___ Supplied material ___

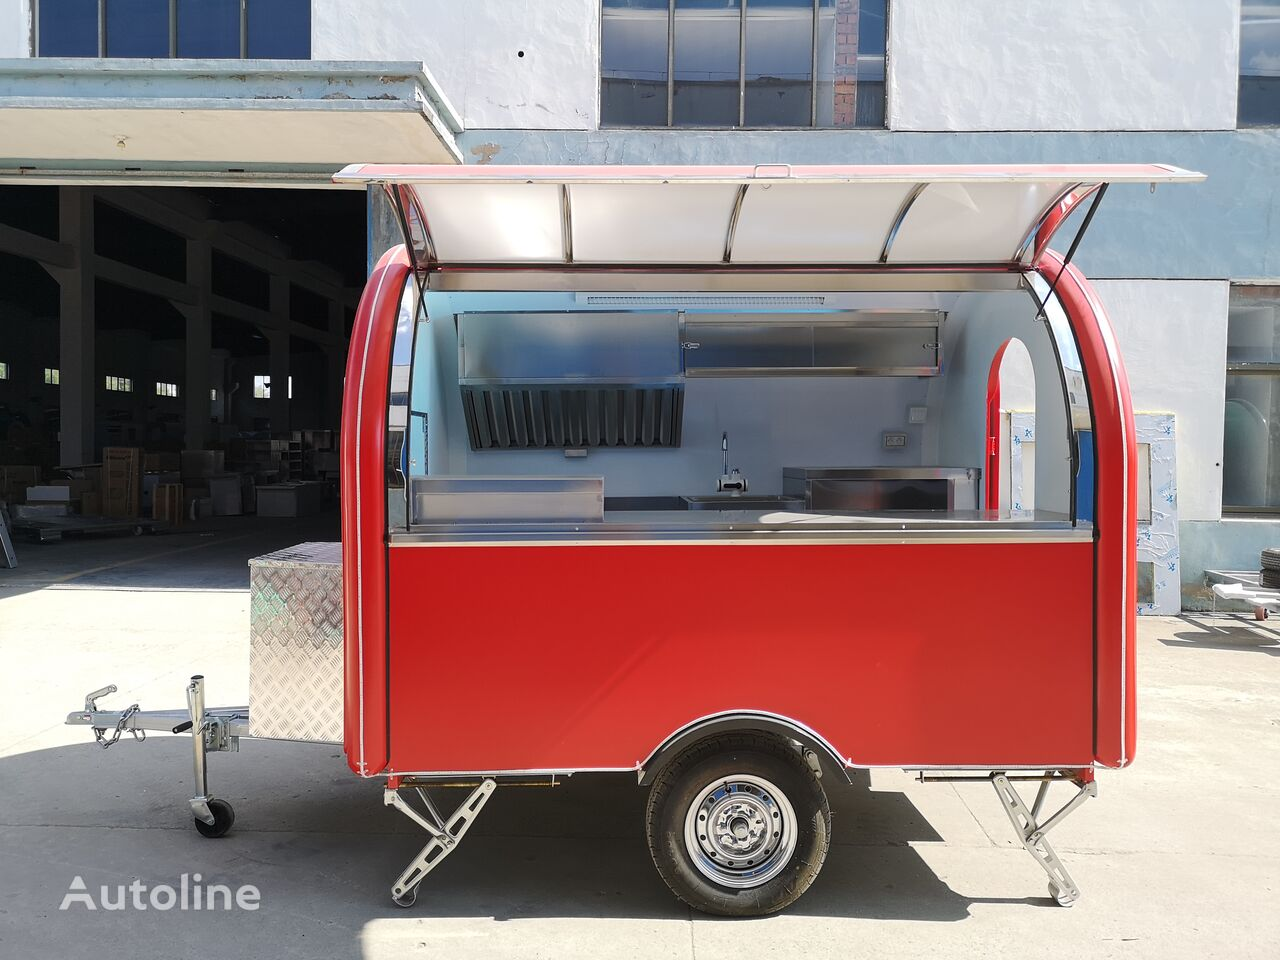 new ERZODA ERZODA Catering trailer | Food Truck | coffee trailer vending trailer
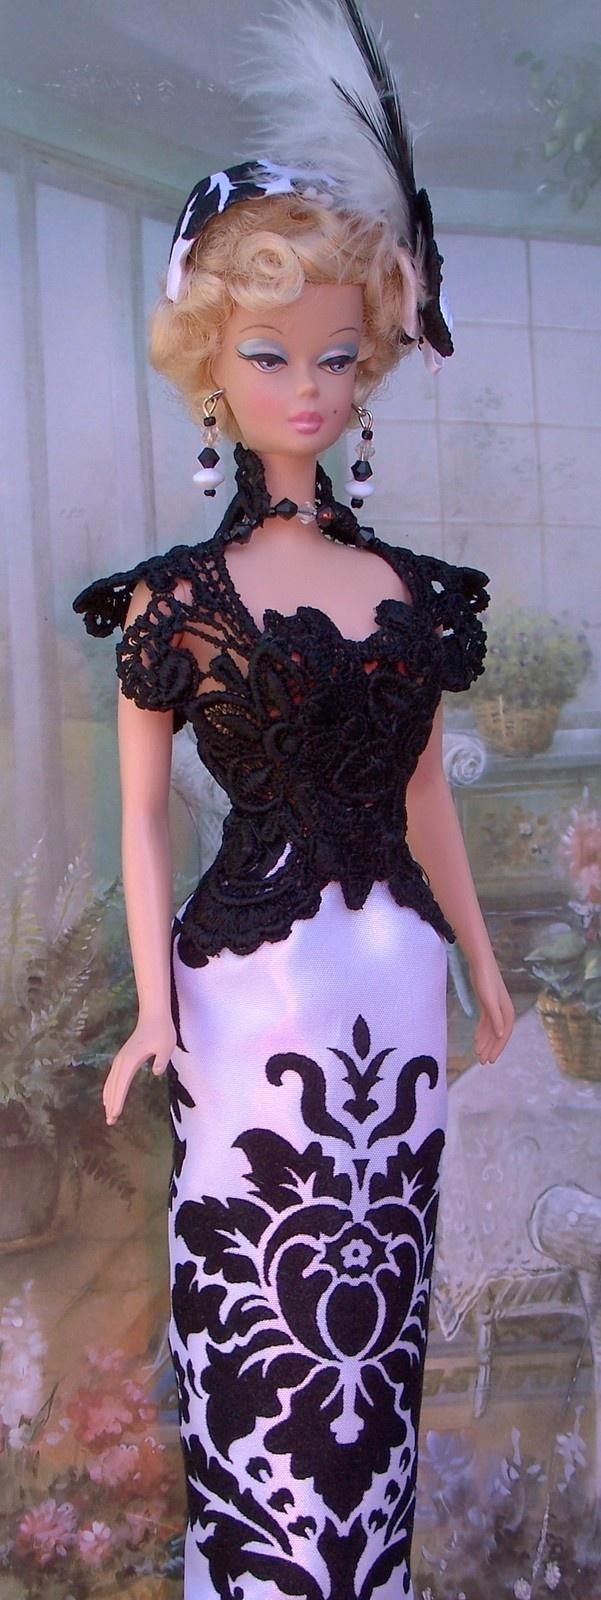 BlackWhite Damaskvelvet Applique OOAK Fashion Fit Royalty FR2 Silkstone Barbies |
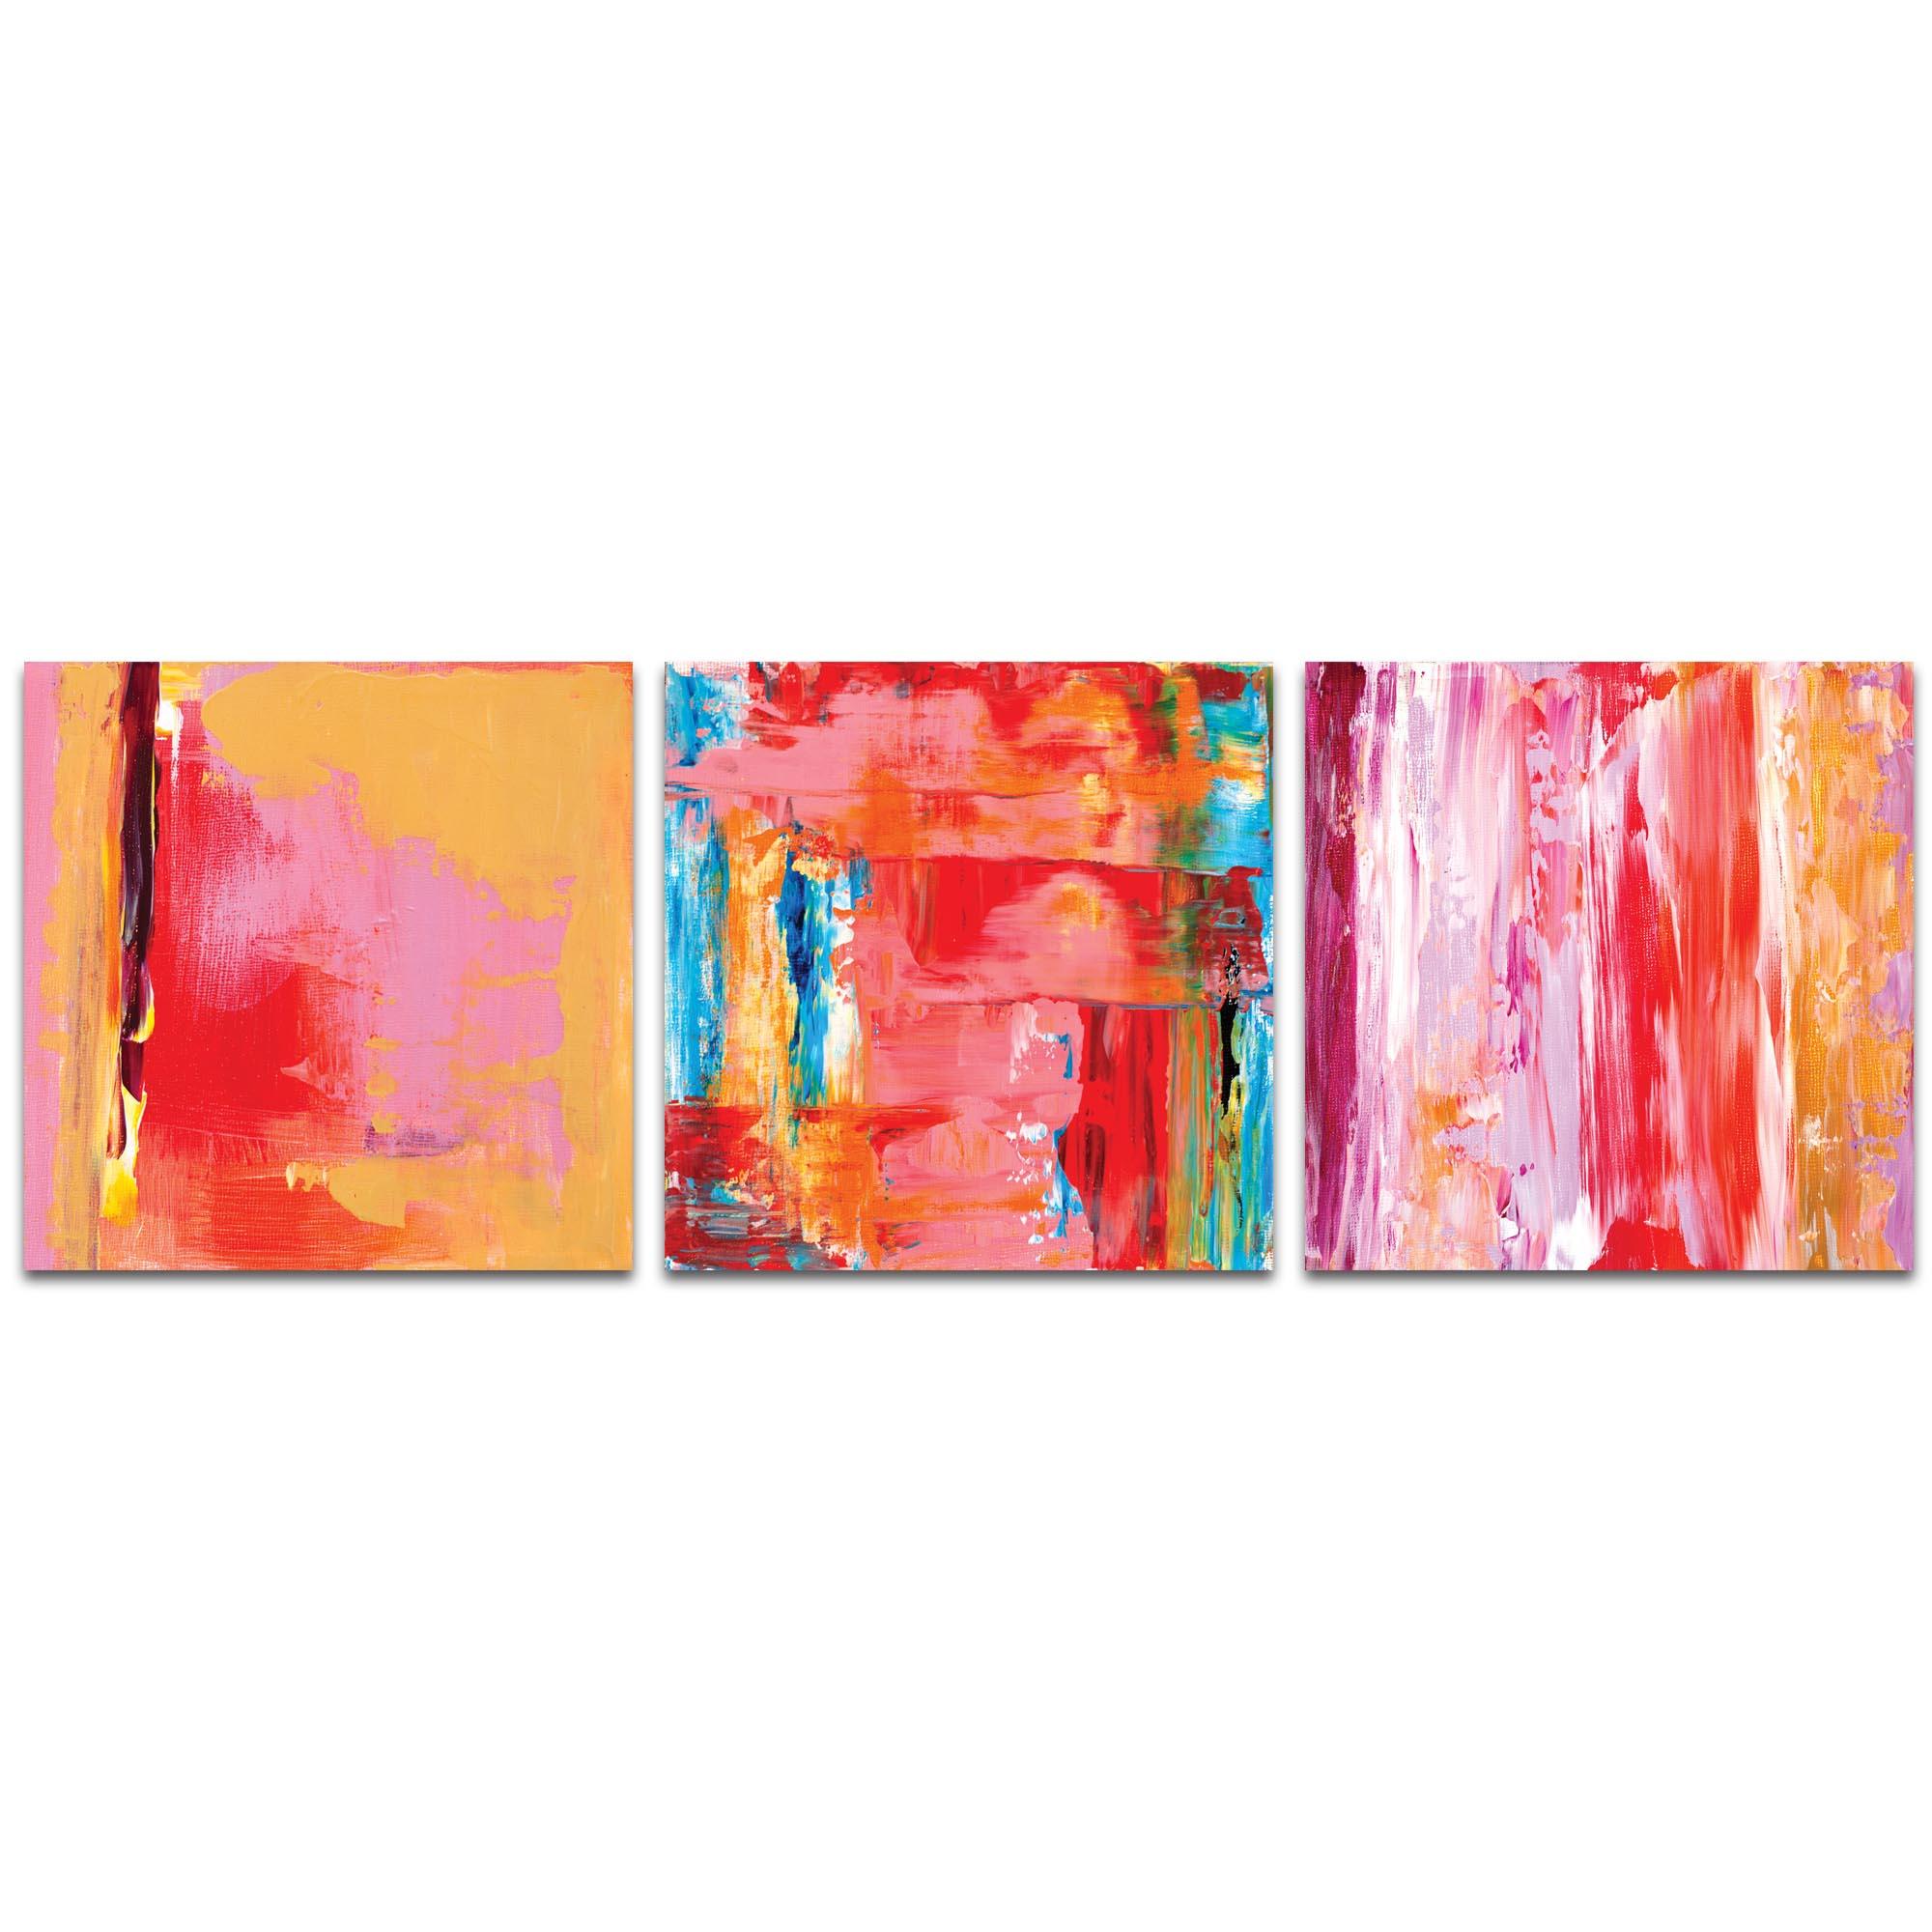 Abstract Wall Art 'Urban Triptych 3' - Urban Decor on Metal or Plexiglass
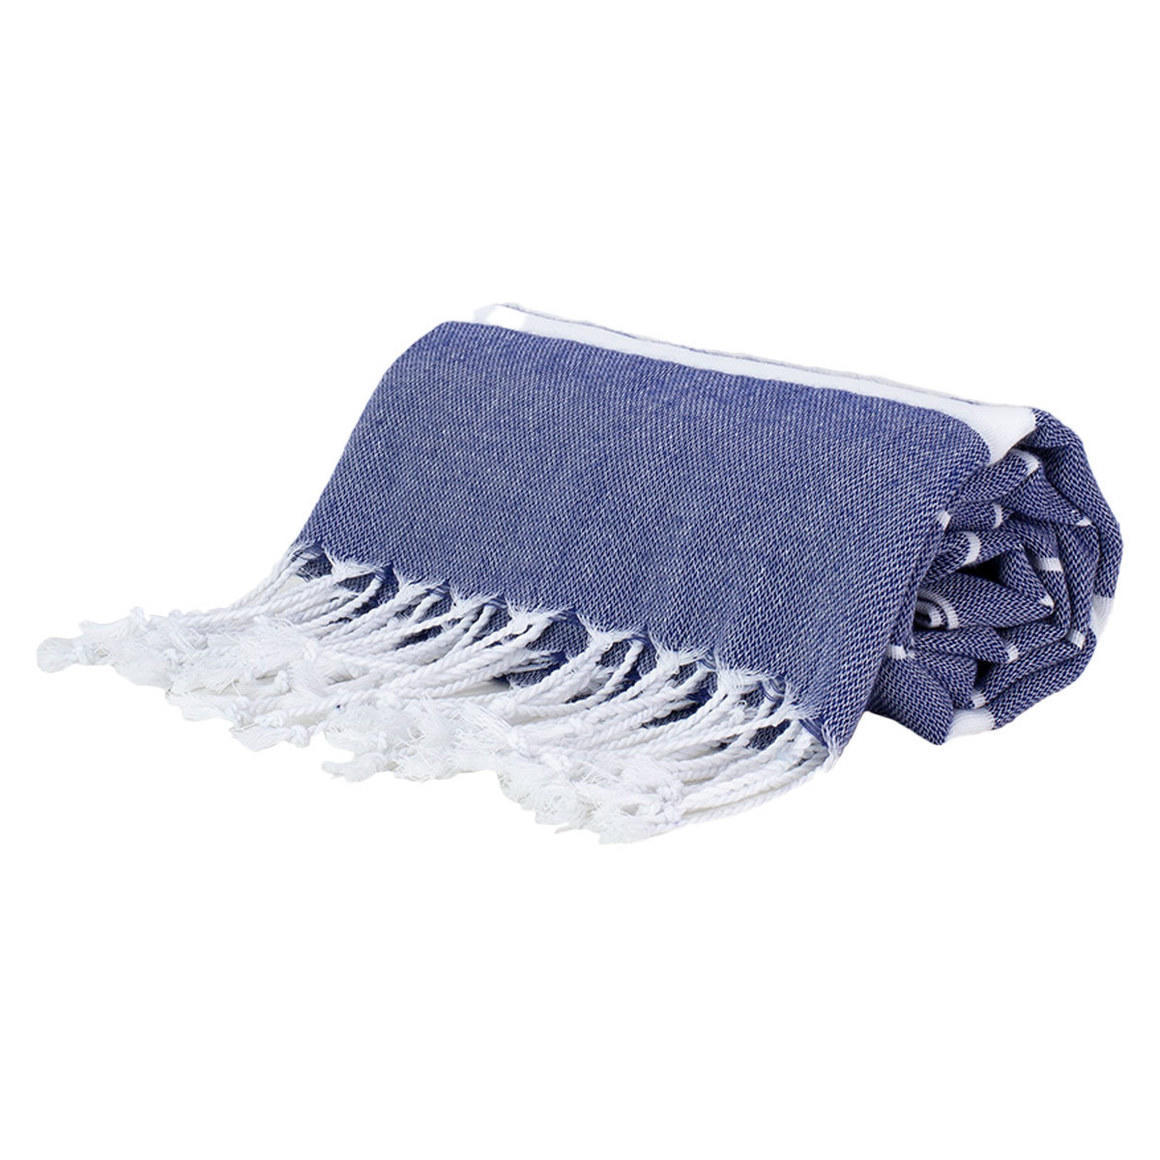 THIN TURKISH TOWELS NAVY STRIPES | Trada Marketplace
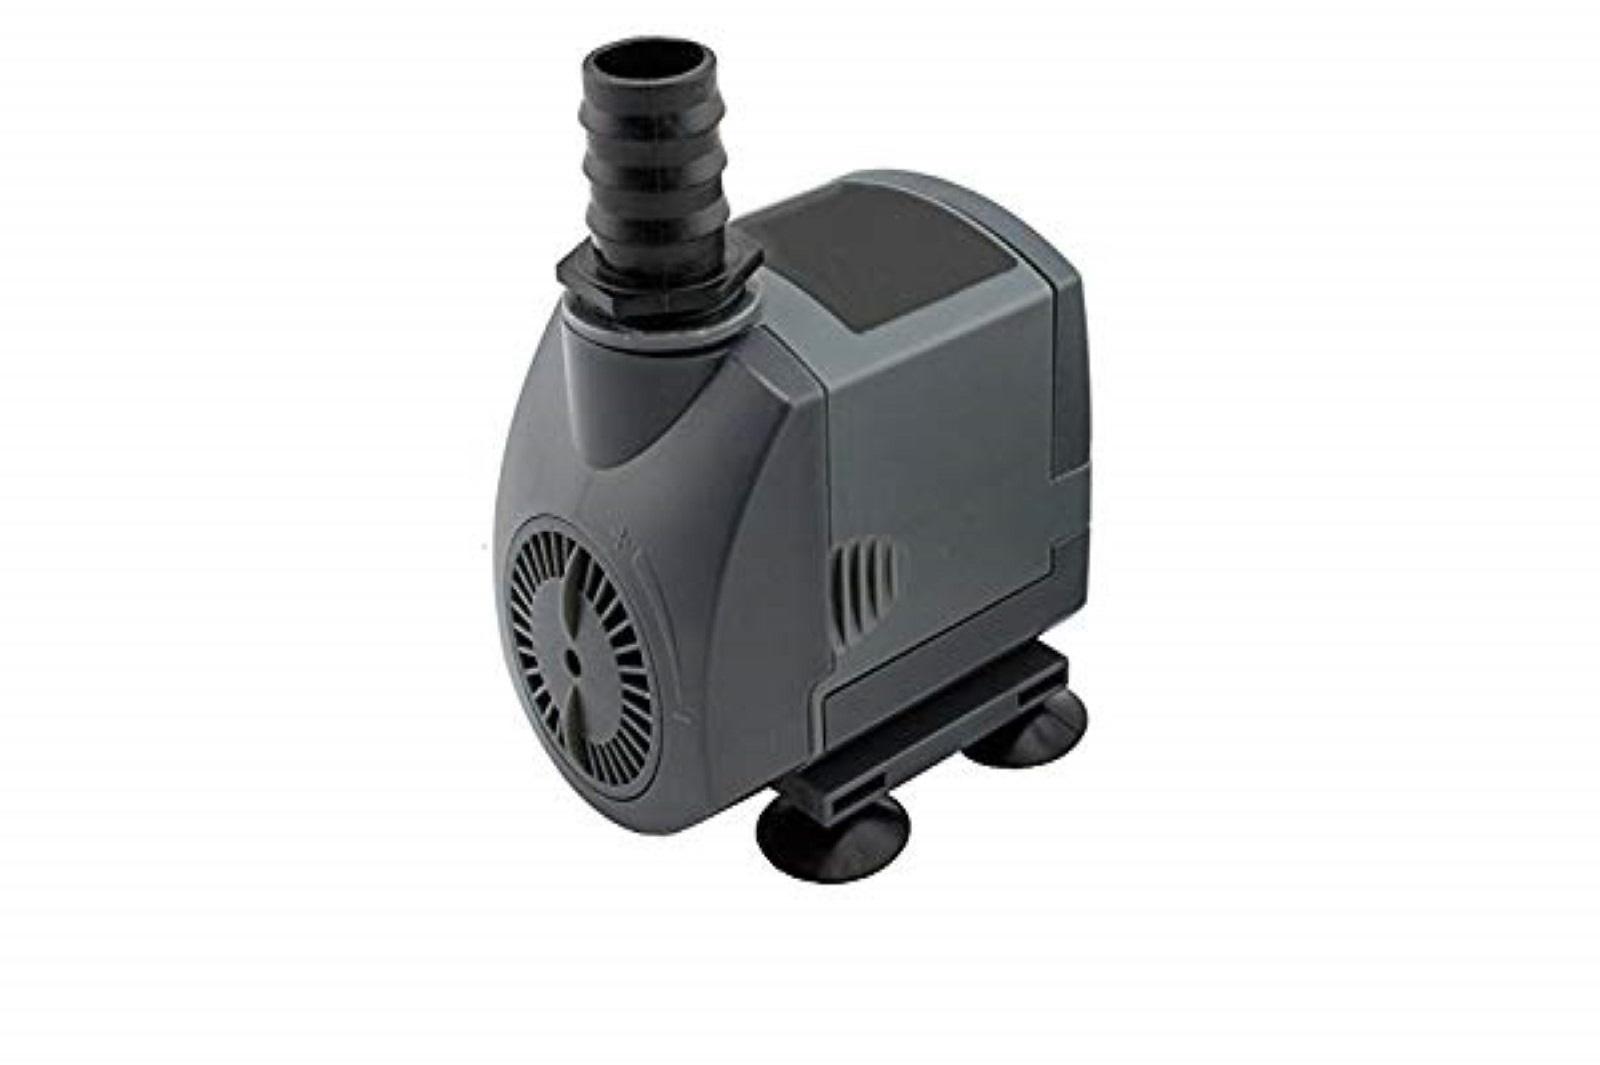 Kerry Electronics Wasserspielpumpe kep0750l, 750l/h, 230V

___

Task instructions |
Only the lines between the one containing "THIN TURKISH TOWELS" and the last line of the listing above, both included, should be written out, exactly and without pictures.

Solution to the exercise |
 THIN TURKISH TOWELS NAVY STRIPES | Trada Marketplace
 Kerry Electronics Wasserspielpumpe kep0750l, 750l/h, 230V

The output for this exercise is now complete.